Health Department: Reminder On Asthma Care

September 6, 2017

The Department of Health said they “would like to remind you to ensure regular daily use of a preventer inhaler for your asthmatic child, in case you haven’t been regular during the holidays.”

“Don’t wait for symptoms. Other tips for successful control of asthma symptoms include reviewing your child’s inhalers and their Asthma Action Plan with your child’s doctor. Remind your child to avoid triggers, and inform the school nurse about your child’s condition,” a spokesperson said.

Deann Trott, asthma nurse with the Department of Health, shows a child how to use a spacer and inhaler

6981 Health, Asthma,  back to school Bermuda September 5 2017

Here’s a quick review:

  1. “Schedule a checkup with your child’s doctor.  Even if your child’s asthma is well controlled your health care team can help you keep control.
    • “Discuss the Asthma Action Plan with your child’s doctor.  This can be shared with the school and school nurse to help with your child’s asthma care.
    • “Have the doctor review inhalers.  Make sure you have a “preventer” inhaler [usually orange, brown or purple] for on-going control and a “reliever” or “rescue” inhaler [usually blue] to treat asthma attacks.
    • “Your child should be using a spacer with inhalers.
    • “Have the child’s doctor sign any forms from the school permitting them to carry and use their “reliever” or “rescue” inhalers while at school.
    • “Make sure your child’s vaccinations are up-to-date.  Children with asthma are advised to have an annual flu shot.
  1. “Teach your child about their asthma. Children should understand their asthma triggers, symptoms and action plan.  Instruct your child on how to use their asthma inhaler and spacer.  This may take some practice.  Help is available.  Contact the Asthma Nurse – Deann Trott at 332- 8915 or
  1. “Please check inhalers.   Empty and expired inhalers can be a problem if your child has an attack at school.
  1. “Rescue or Reliever inhaler[s] and spacer needs to be sent to school every day.
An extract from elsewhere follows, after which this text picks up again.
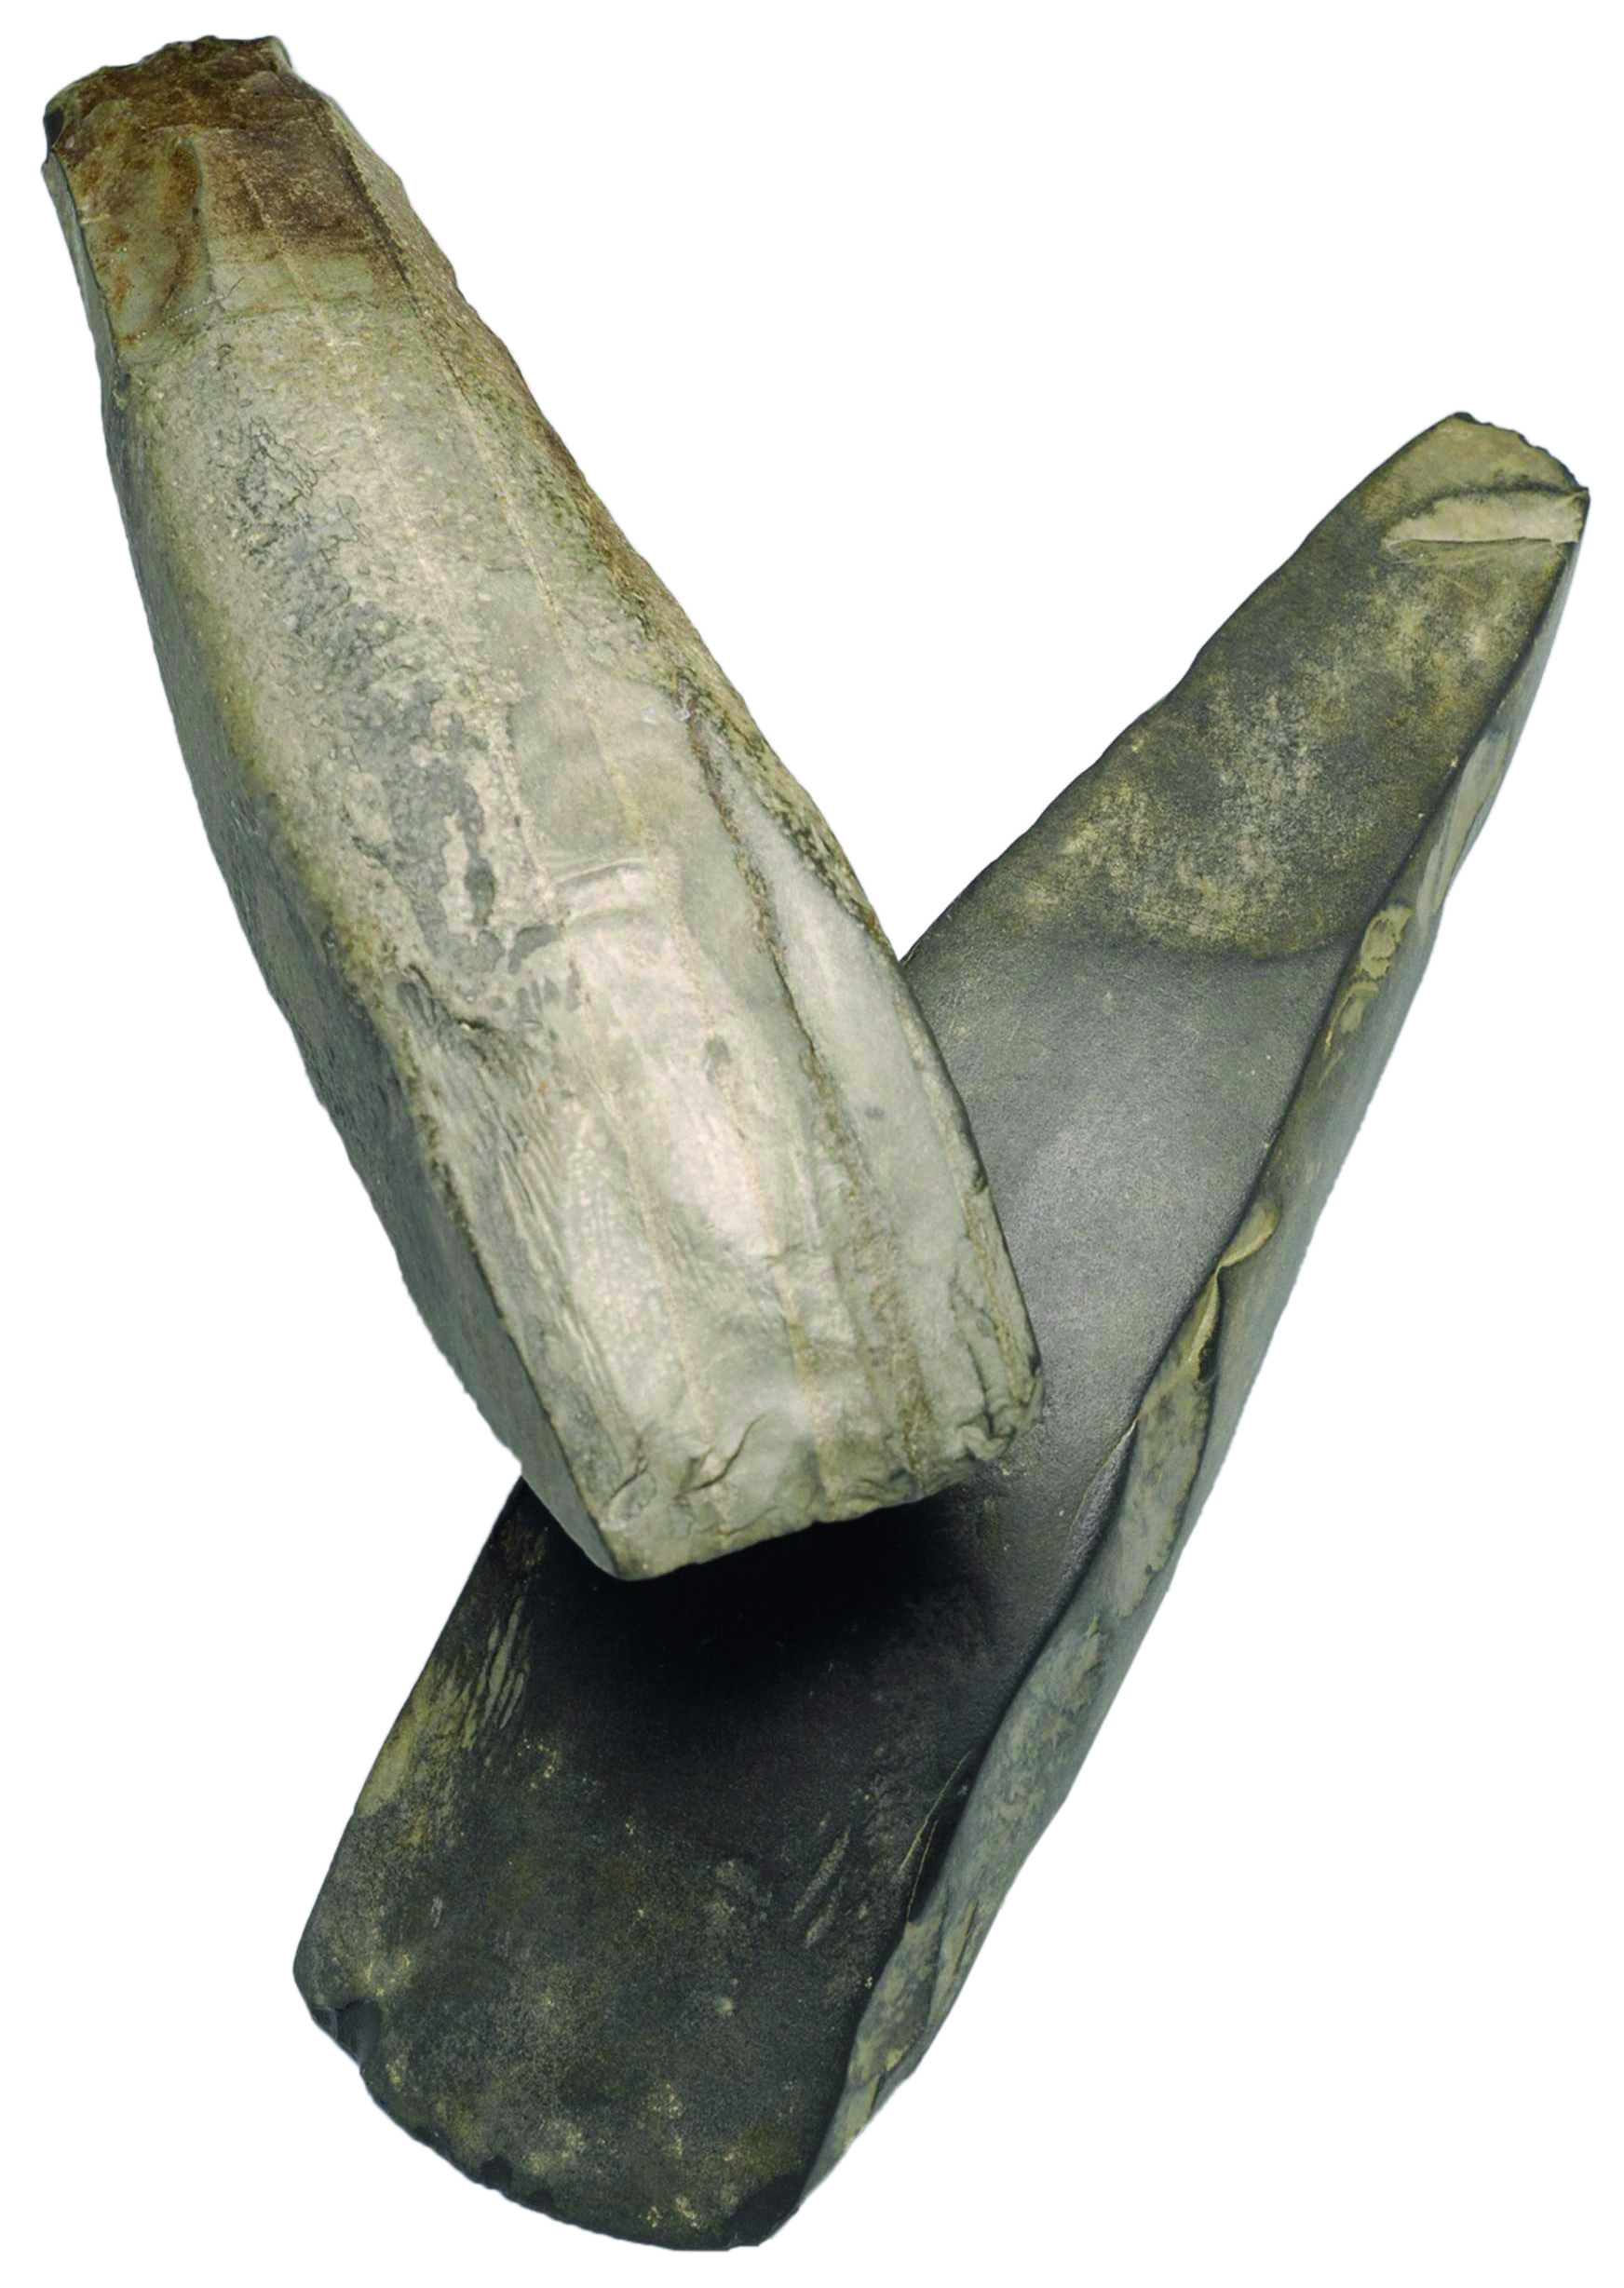 Deux grandes lames d’herminette en pélite-quartz issues des carrières de Plancher-les-Mines. Musées de Montbéliard. © P. Pétrequin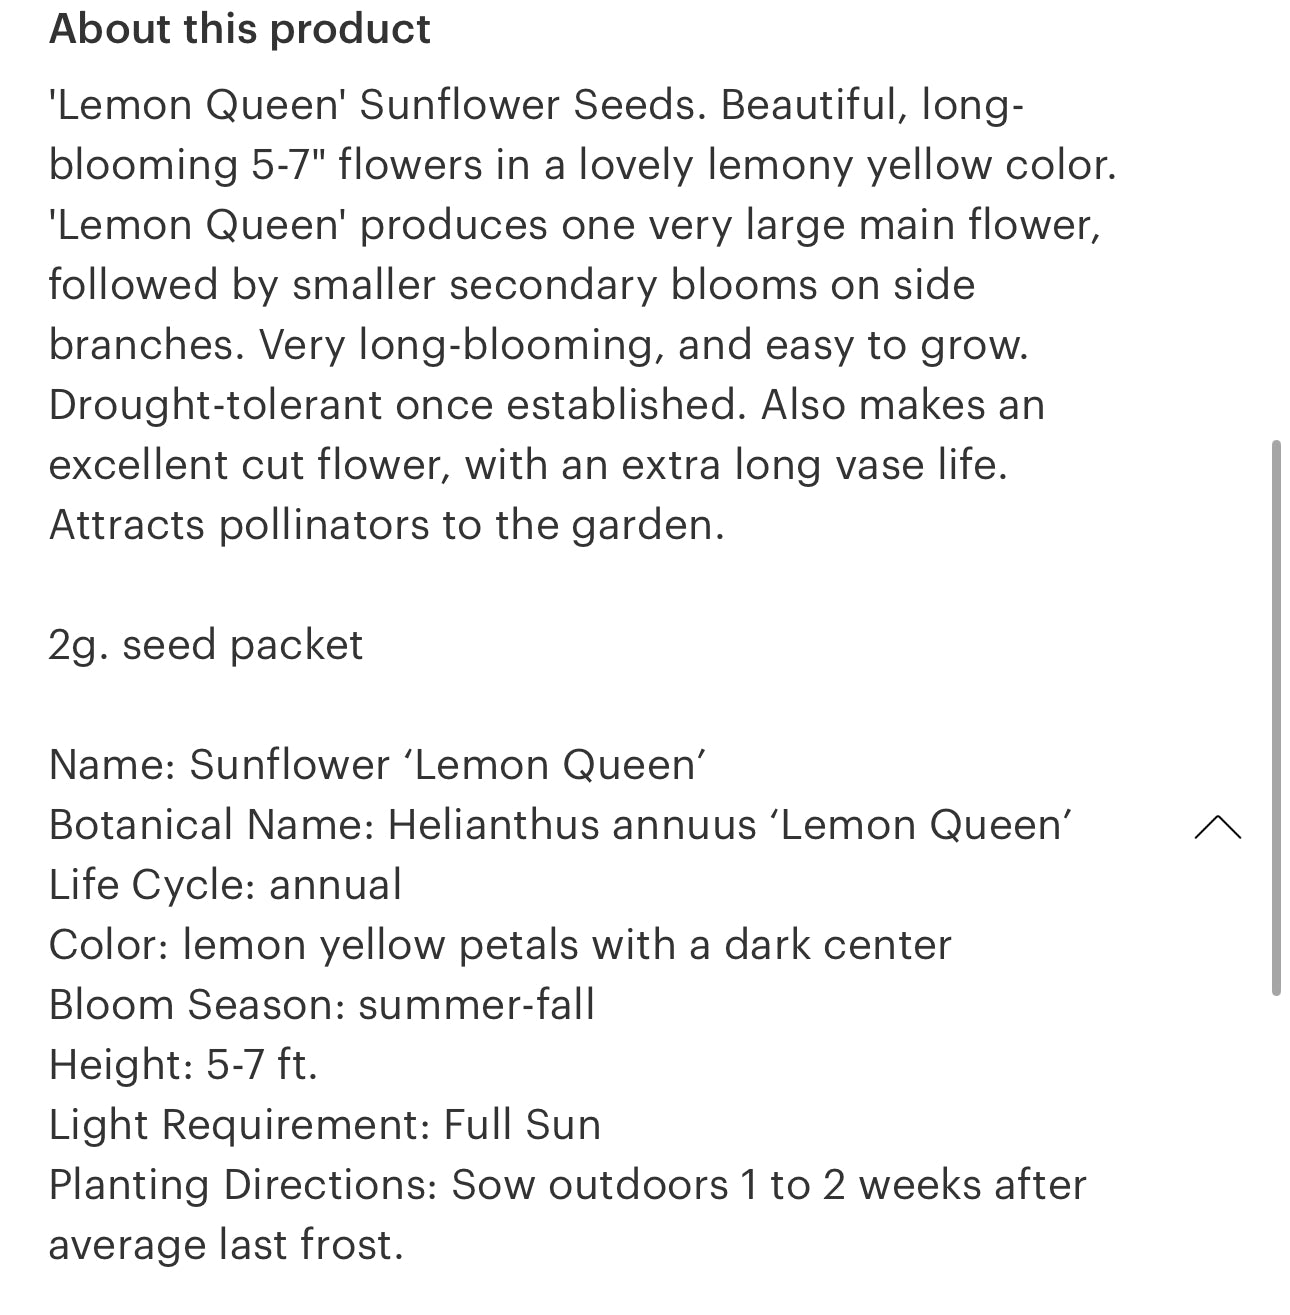 Sunflower Seeds “Lemon Queen”

Place them in a plastic zip-lock bag with your child’s name on it.  Children should not share their inhalers or spacers.
  1. “Establish a good routine. If your child has asthma triggers, such as dust or head colds among others, you should ensure regular daily use of their preventer inhaler before school starts. Getting this early protection on their airways will help reduce their asthma symptoms. Healthy habits such as eating well-balanced meals, drinking plenty of water, getting plenty of sleep at night, daily exercise and good personal hygiene are all important to asthma control.

“These steps will help keep your child healthy and ready to take in all the new experiences of the school year.”